• Your task
Restate the data below word for word, omitting pictures.

• Data excerpt
════════════════

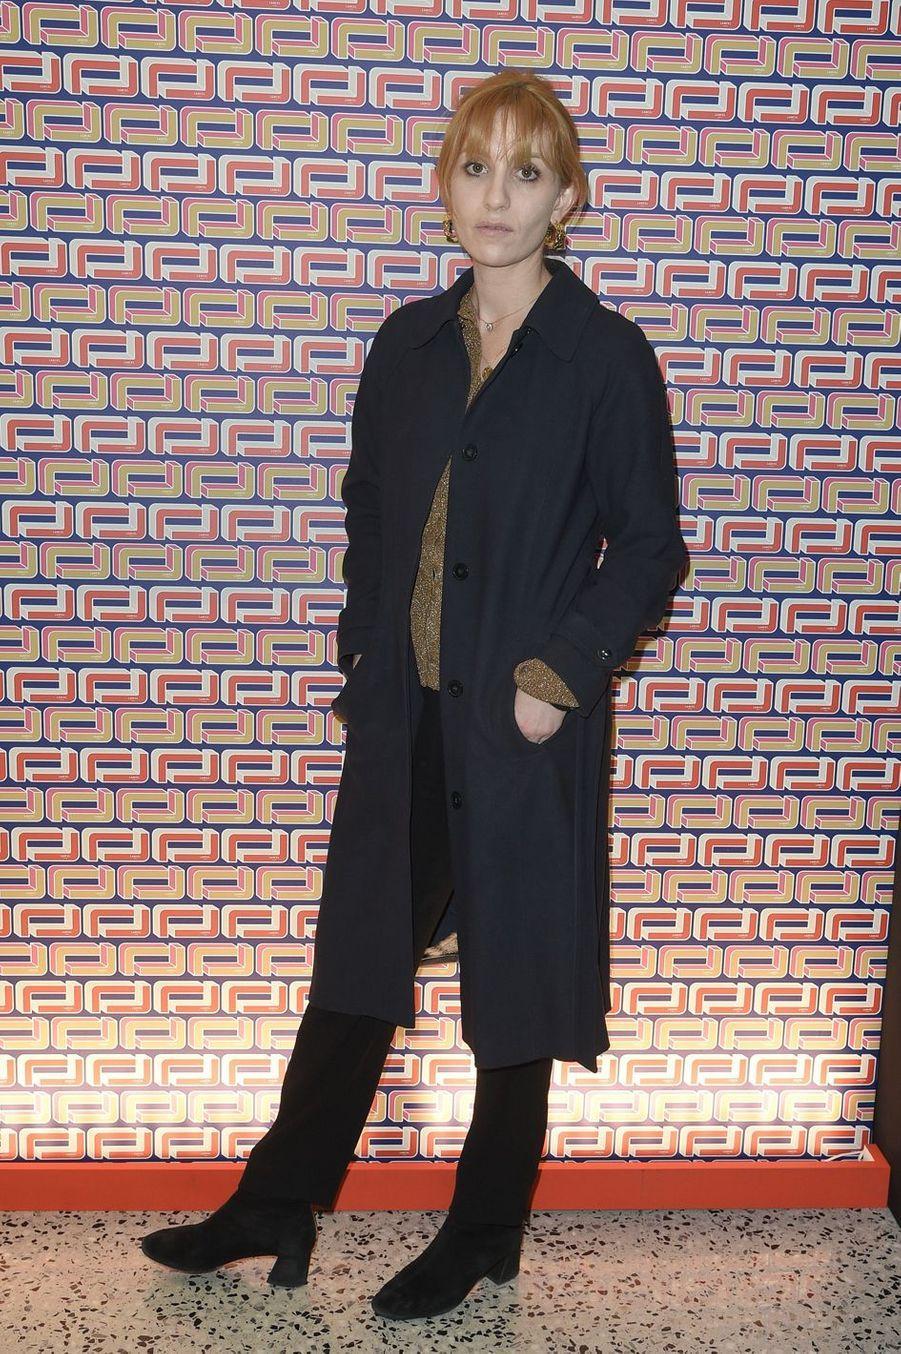 Lolita Chammahà la présentation Lancel lors de la Fashion Week de Paris le 27 février 2019
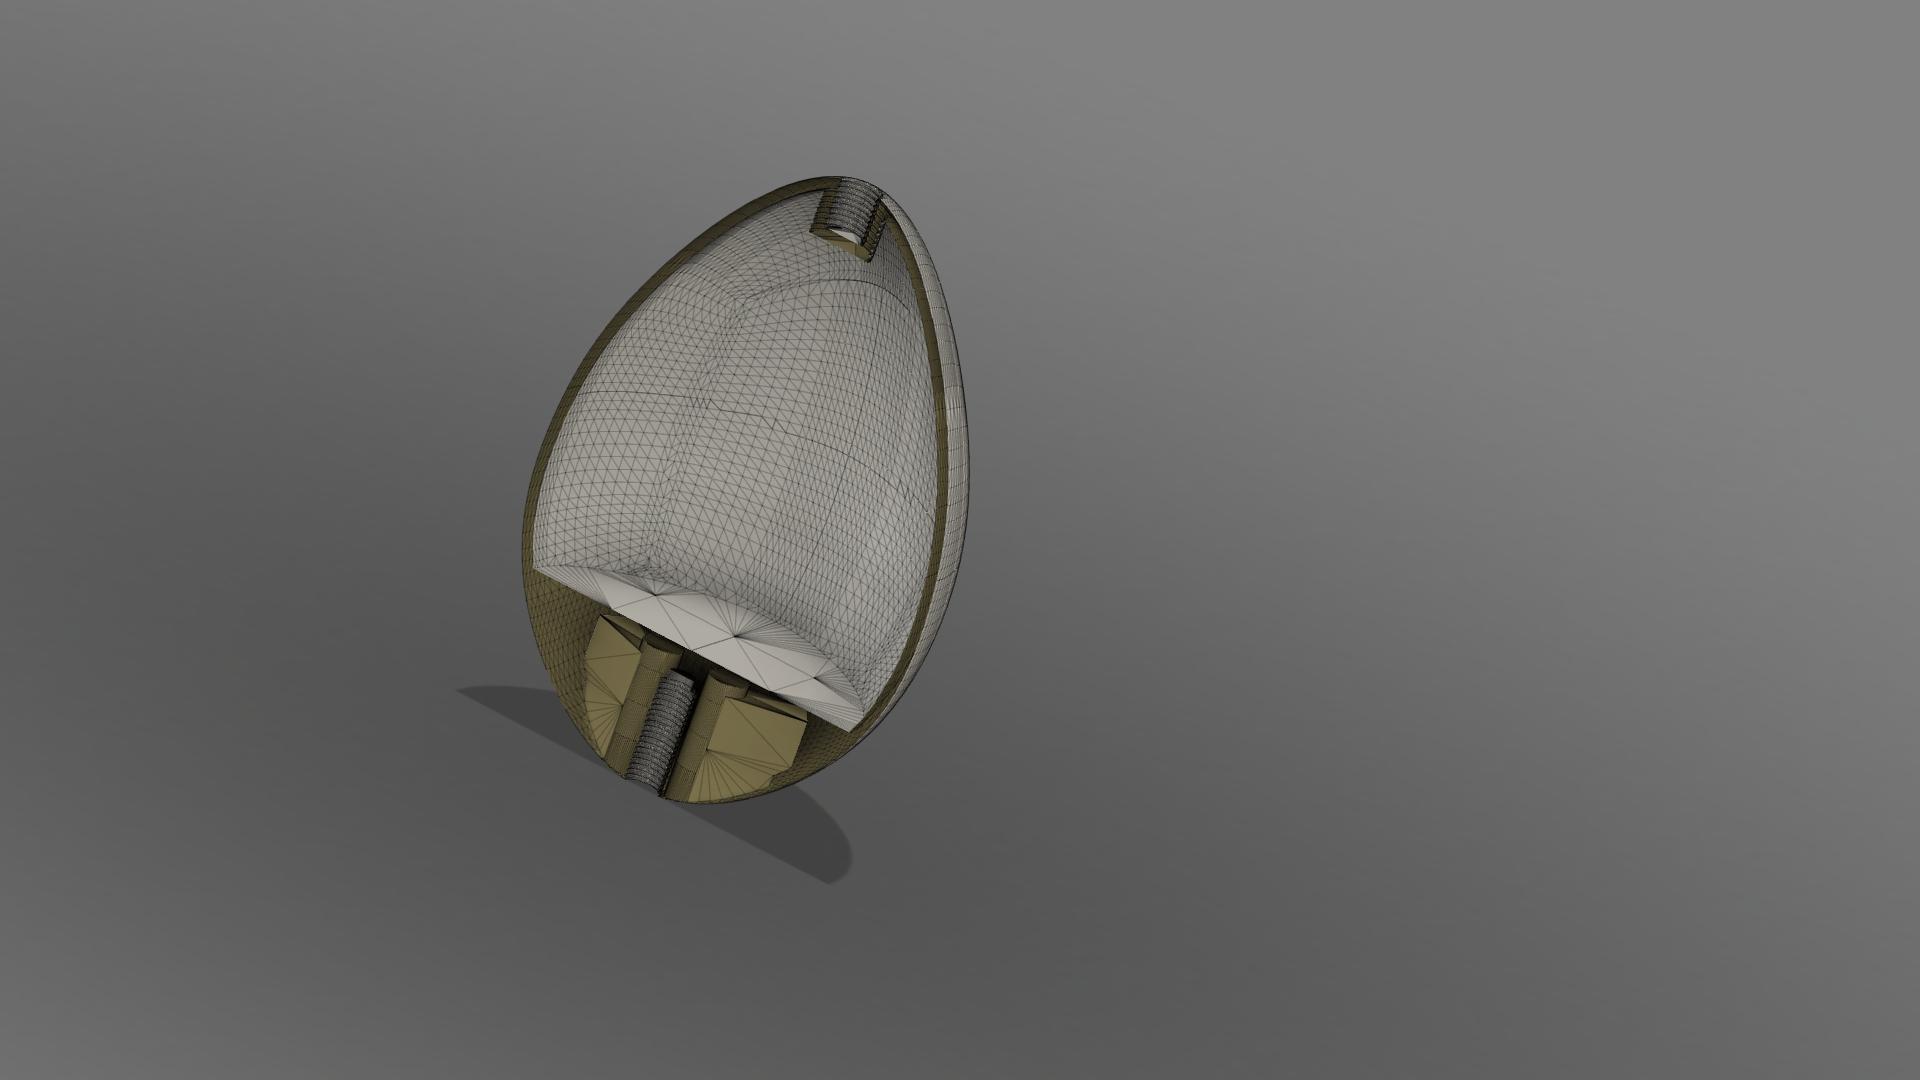 Яйцо_Mesh v1.png Télécharger fichier OBJ gratuit Modèle d'impression 3D de Harry Potter et la Coupe de feu (Oeuf) • Objet à imprimer en 3D, quaddalone
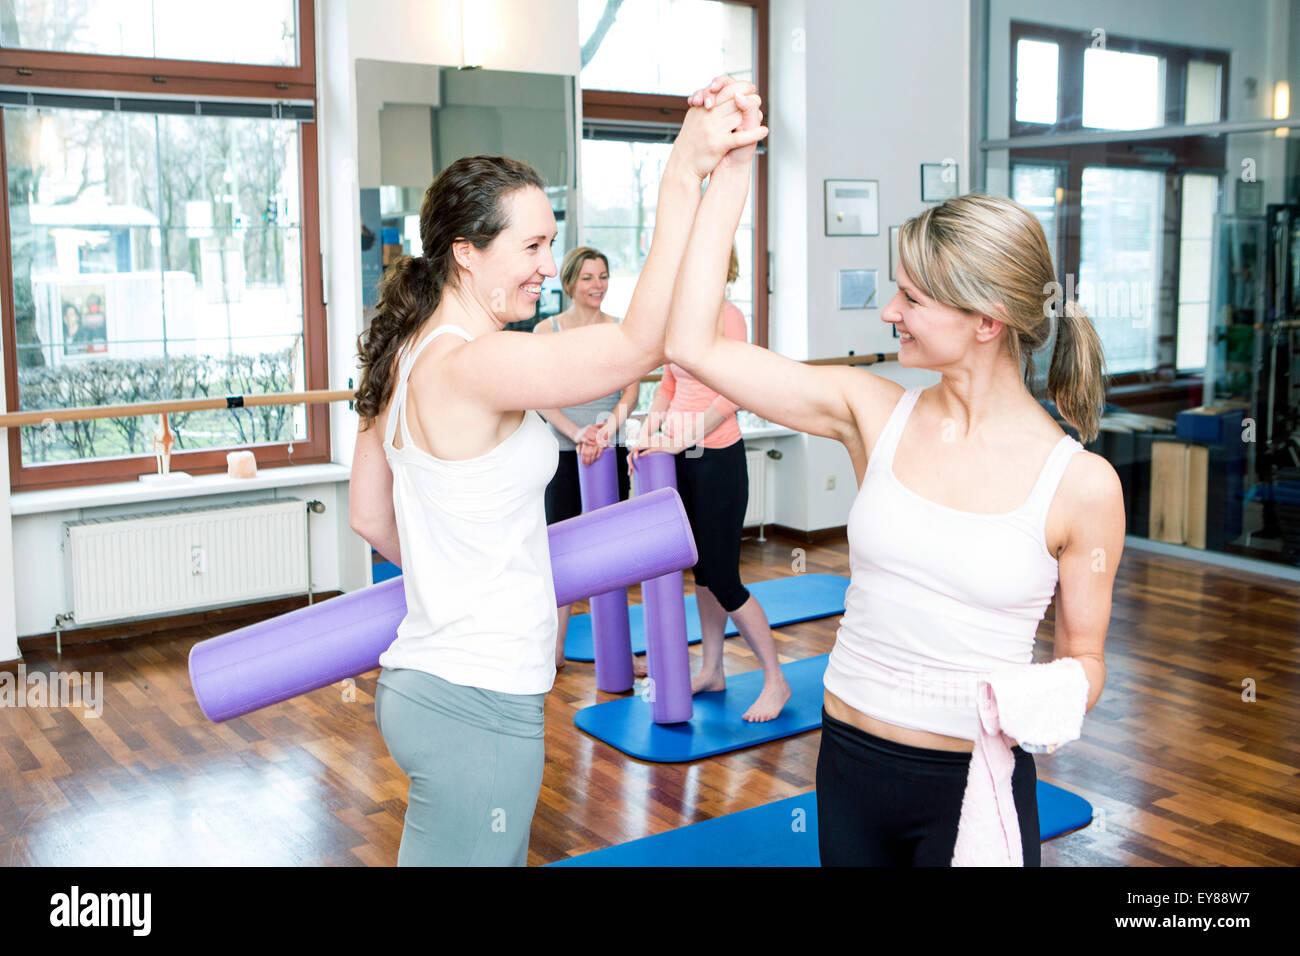 Les femmes prennent une pause sur Pilates Photo Stock

════════════════

• Answer for the task
 Lolita Chammahà la présentation Lancel lors de la Fashion Week de Paris le 27 février 2019
 Яйцо_Mesh v1.png Télécharger fichier OBJ gratuit Modèle d'impression 3D de Harry Potter et la Coupe de feu (Oeuf) • Objet à imprimer en 3D, quaddalone
 Les femmes prennent une pause sur Pilates Photo Stock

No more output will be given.